Thursday, October 27, 2011

Life- changes and uncertainties

At this juncture of life, i realised that life yours and mine is full of uncertainties. Some we can avoid some are a part of the life and our growth process. I hate it but some times I am an oversensitive person and this is the phase of my life where I am highly oversensitive. The changes around me are happening very very fast. I don't have the time to even plan or think this waterfall of life is so fast that I am barely surviving on instinct. Though details of this change "HUGE CHANGE" cannot be shared on this forum, I am sure every one would have gone though such an experience. I don't know about you but I tend to go into my shell, become snappy also.
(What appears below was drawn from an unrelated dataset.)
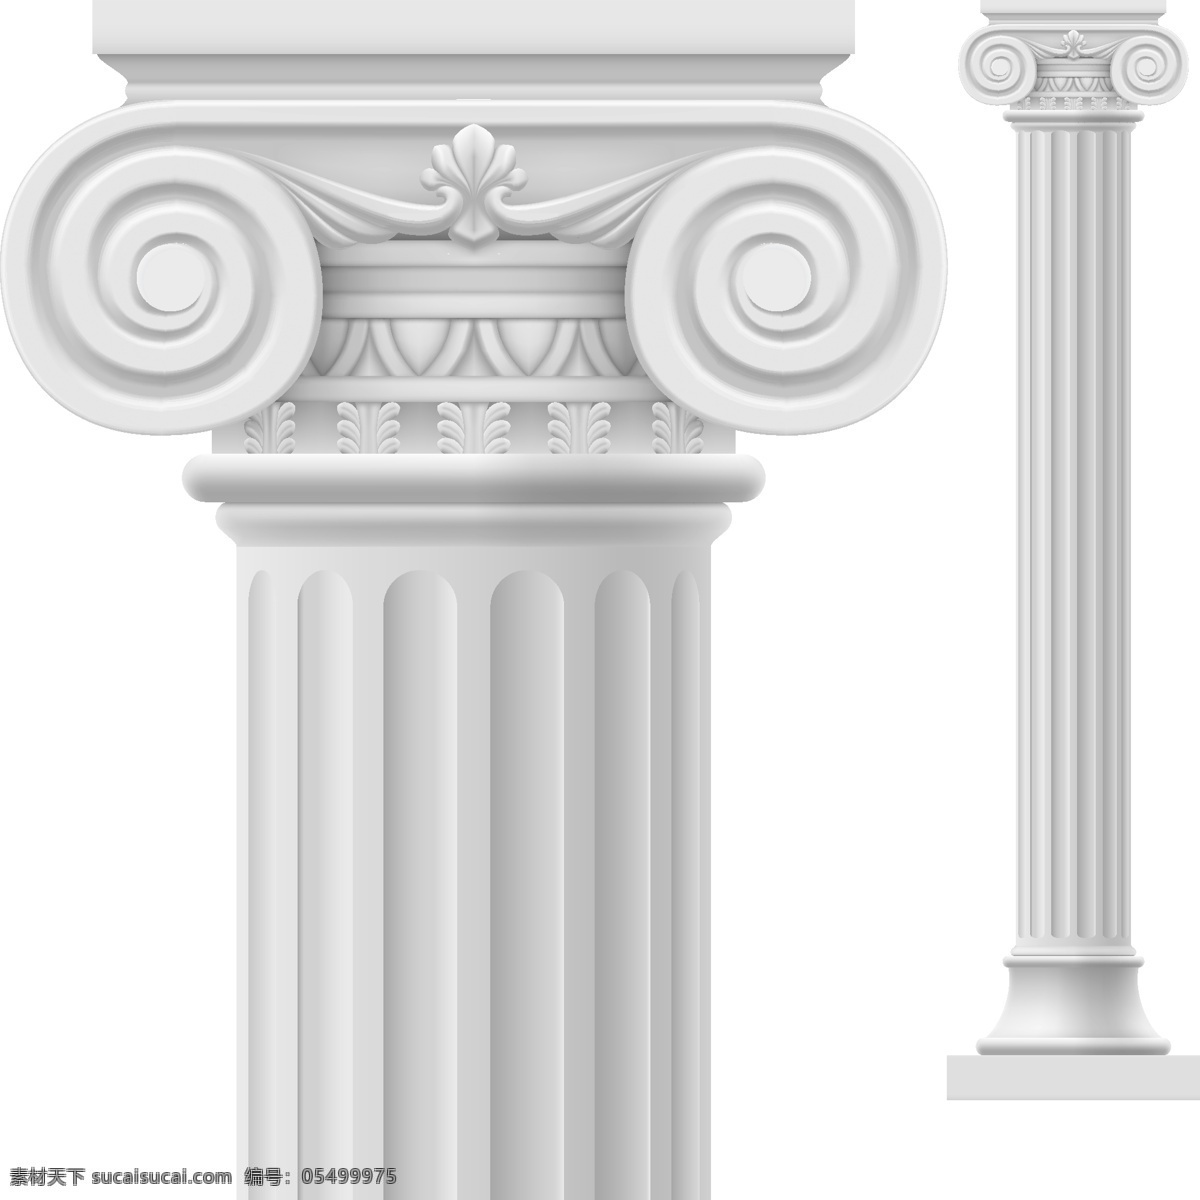 矢量 罗马柱 环境设计 建筑设计 罗马柱素材 矢量罗马柱 装饰素材
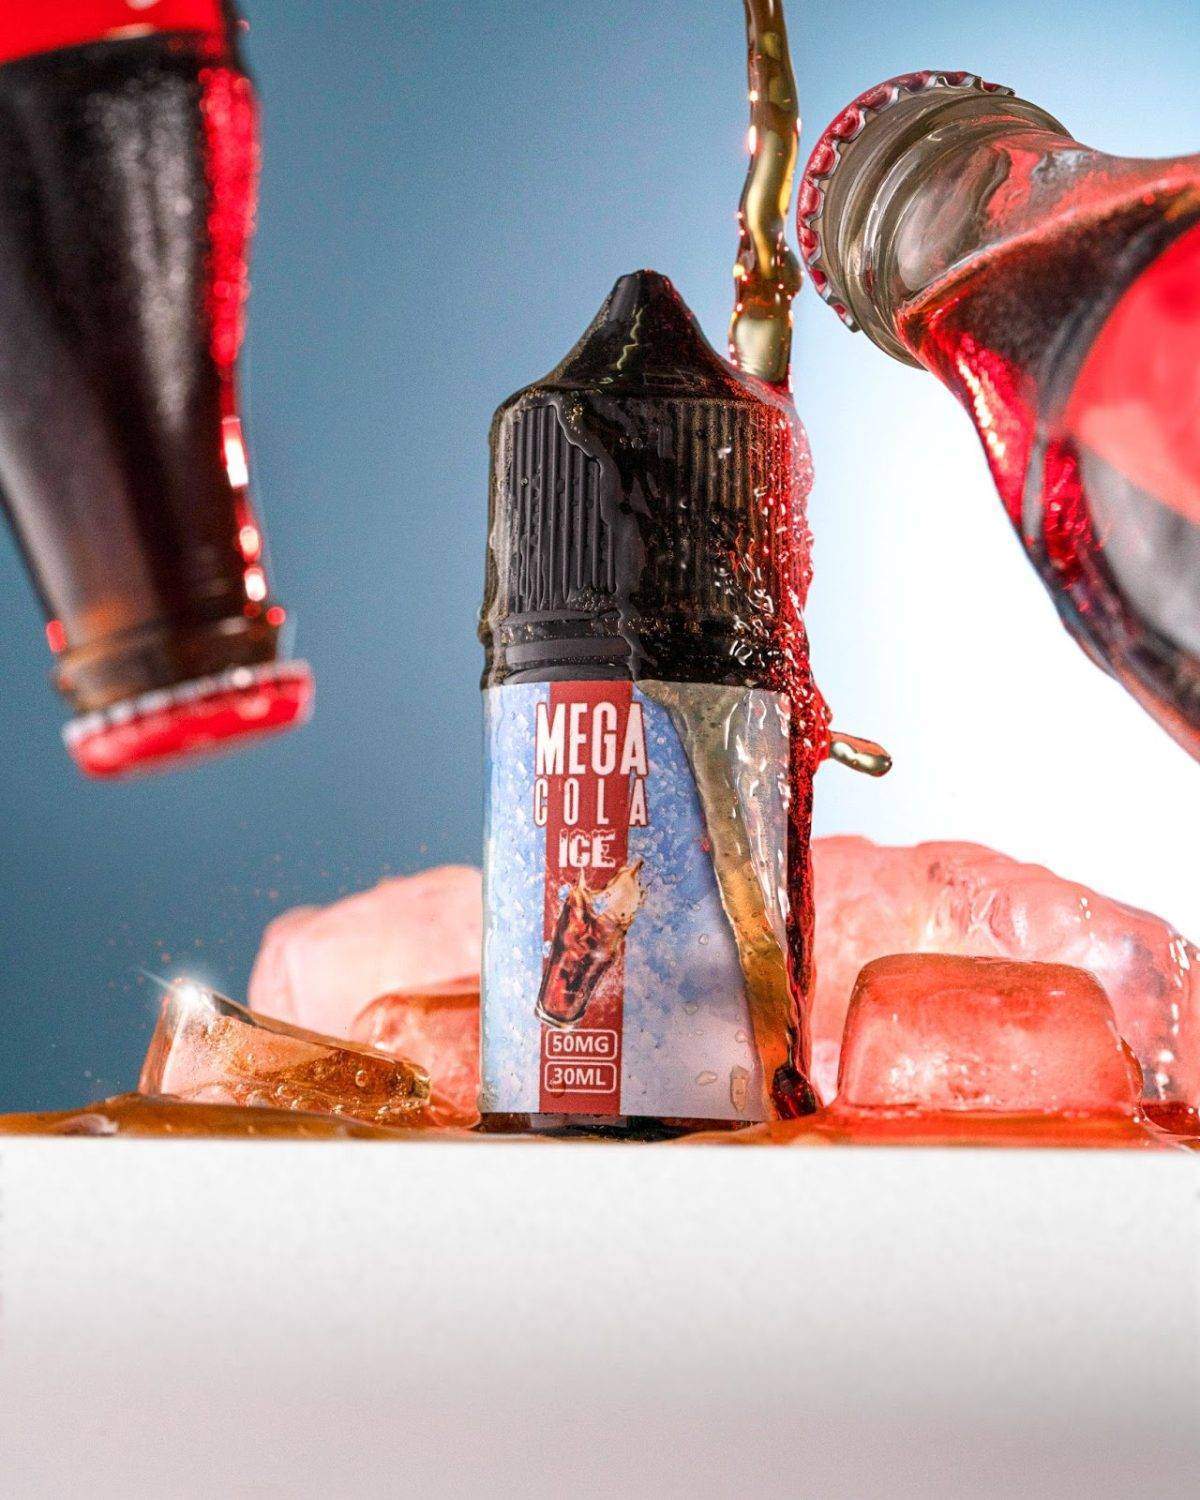 Mega Cola Ice Saltnic

This is a post to tell people that sometimes people's life is not going at the pace they want, it could be crawling or going at the speed of light; at that juncture of life we tend to hide, get angry or even snappy (I have yet to meet people to laugh all the way).It would in my view therefore be unfair to judge a person on this juncture alone. Now I don't know whether you or I am in that juncture therefore my Friends it takes a life time or at least few years to understand the true nature of people. I like observing people and I realise that all go through mainly the same phases. But the important part is how they deal with it and come out. Now I am trying to take it up as a challenge and despite all my "planning" I have realised I have to leave somethings to god or the "force".  Praying that these changes in my life are for good and even if god gives me lemons I am able to make lemonade.. Changes are essential for my growth as a person, so lets see how much I grow  by the time I write the next post. Till then tc and live happy.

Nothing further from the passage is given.